Am 21.08.2017 um 22:06 schrieb Felix Kuehling:
> On 2017-08-21 03:21 PM, Oded Gabbay wrote:
>> On Mon, Aug 21, 2017 at 8:39 PM, Jerome Glisse <j.glisse at gmail.com> wrote:
>>> On Tue, Aug 15, 2017 at 11:00:20PM -0400, Felix Kuehling wrote:
>>>> From: Moses Reuben <moses.reuben at amd.com>
>>>>
>>>> v2:
>>>> * Renamed ALLOC_MEMORY_OF_SCRATCH to SET_SCRATCH_BACKING_VA
>>>> * Removed size parameter from the ioctl, it was unused
>>>> * Removed hole in ioctl number space
>>>> * No more call to write_config_static_mem
>>>> * Return correct error code from ioctl
>>> What kind of memory is suppose to back this virtual address
>>> range ? How big is the range suppose to be ? Can it be any
>>> valid virtual address ?
>>>
>>> My worry here is to ascertain that one can not abuse this
>>> ioctl say to set the virtual address to some mmaped shared
>>> library code/data section and write something malicious
>>> there.
>>>
>>> I am assuming that if it has to go through ATS/PASID of the
>>> IOMMUv2 then the write protection will be asserted and we
>>> will see proper COW (copy on write) due to mmap PRIVATE flags.
>>>
>>>
>>> Idealy this area should be a special vma and the driver
>>> should track its lifetime and cancel GPU jobs if it is
>>> unmap.

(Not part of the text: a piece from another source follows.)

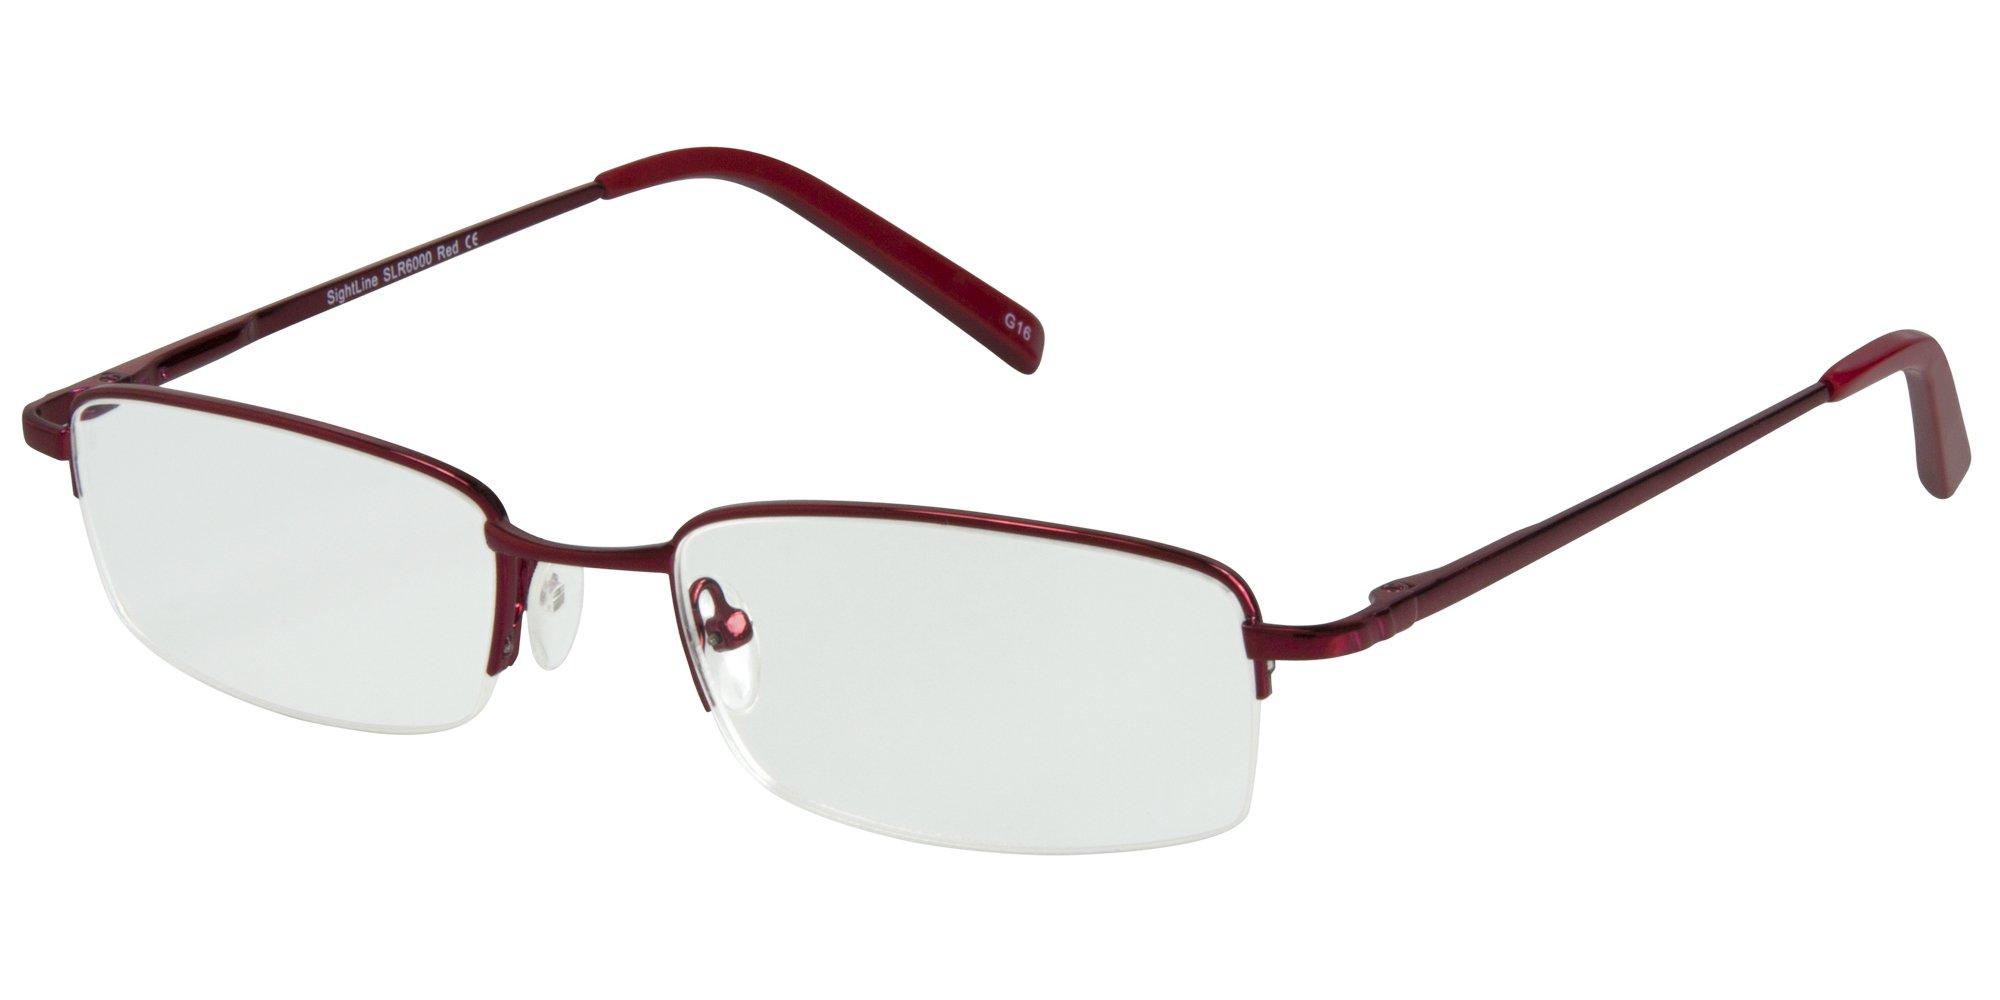 24e232906e3f SightLine Multifocal Computer Reading Glasses 6000 Semi-Rimless Designer  Frames (1.50
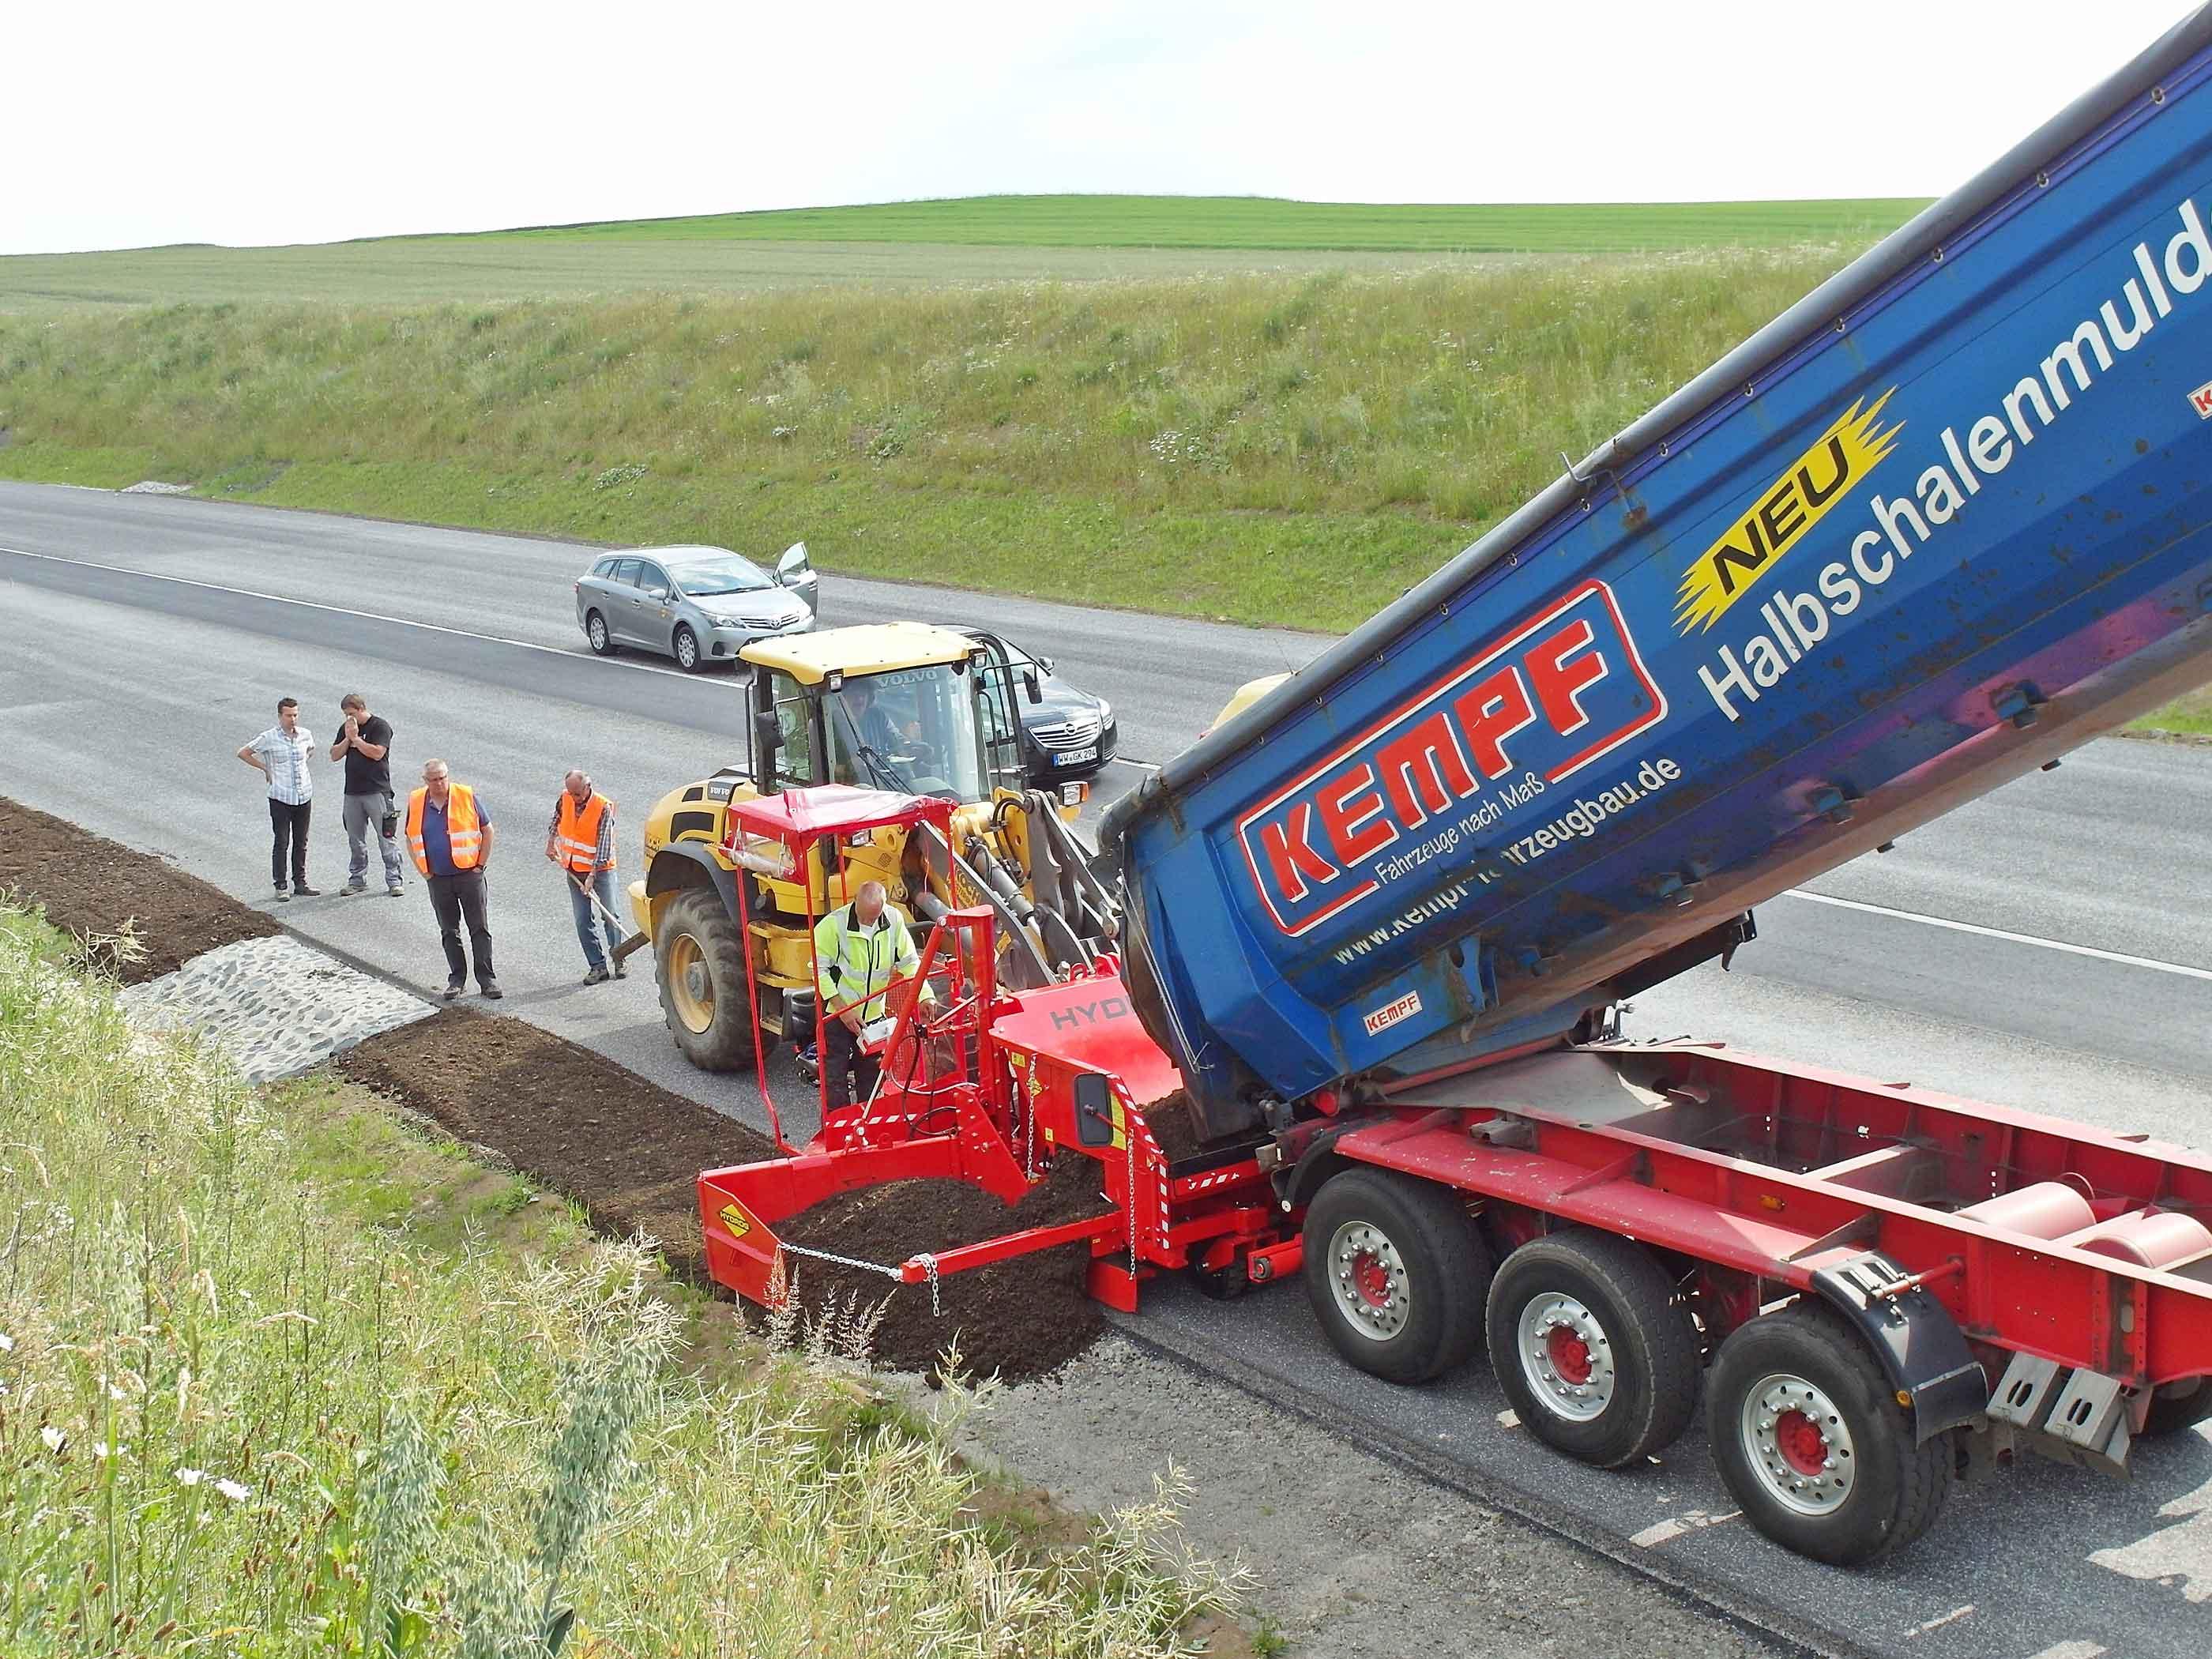 Echipamente, utilaje si masini pentru Constructie, intretinere si reparatii de drumuri

But i am unsure on how dynamic is that scratch
>>> memory suppose to be (ie do you allocate new scratch memory
>>> with every GPU job or is it allocated once and reuse for
>>> every jobs).
>>>
>>> Bigger commit message would be nice too. Like i had tons
>>> of i believe valid questions.
>>>
>>> Cheers,
>>> Jérôme
>> Hi Jerome,
>> Great points.
>>
>> This is the explanation Felix gave a few days ago on this ioctl in a
>> different email thread:
>>
>> "Scratch memory is private memory per work-item. It's used when a shader
>> program has too few registers available. With HSA we use flat scratch
>> addressing, where shaders can access private memory in a special scratch
>> aperture using normal memory instructions. Using the same virtual
>> address, each work item gets its own private piece of memory. The
>> hardware does the address translation from the VA in the private
>> aperture to a scratch-backing VA. The application is responsible for
>> allocating the memory to back that scratch area, and to map it somewhere
>> in its virtual address space.
>>
>> This ioctl tells the hardware (or HWS firmware) the VA of the scratch
>> backing memory."
>>
>>  From this explanation, I think that the user's supplied VA should be
>> tested that its a valid writable area of the user.
>> How do you test for that ? could you point me to such a code in the kernel ?
>>  From looking at other drivers that pin host memory, like mellanox nic,
>> they don't do any special testing for the address they receive from
>> the user.
>>
>> Felix,
>> Is the scratch memory size fixed ? Because I don't see a size argument
>> in the IOCTL.
> The hardware needs a continuous pieces of virtual address space for
> scratch backing. The base address of that continuous region is
> programmed into a per-VMID register (SH_HIDDEN_PRIVATE_BASE_VMID) by the
> driver or the HWS (hardware scheduler) firmware. So the size is limited
> by the amount of address space reserved for this purpose by user mode.
> But the HW doesn't really care what that size is. The HSA runtime
> manages the sub-allocation or scratch memory per queue. It knows the
> size that it allocates and will need to make sure it sub-allocates
> within that size.
>
> In the queue setup data structures it must somewhere contain information
> about the offset from the start of scratch memory, and some address
> swizzling parameters to determine per work item or per wavefront
> addresses. I'm not familiar with the details of those data structures,
> and the size limits in the hardware. They would determine an upper limit
> for the size of scratch backing.
>
> BTW, on Vega10 the way scratch works has been changed, and this ioctl
> becomes basically a no-op. The SH_HIDDEN_PRIVATE_BASE_VMID register no
> longer exists. Instead the base address is now provided to the shader
> directly without being programmed ahead of time by KFD or HWS. Setting
> up scratch memory per queue is entirely up to the Runtime now.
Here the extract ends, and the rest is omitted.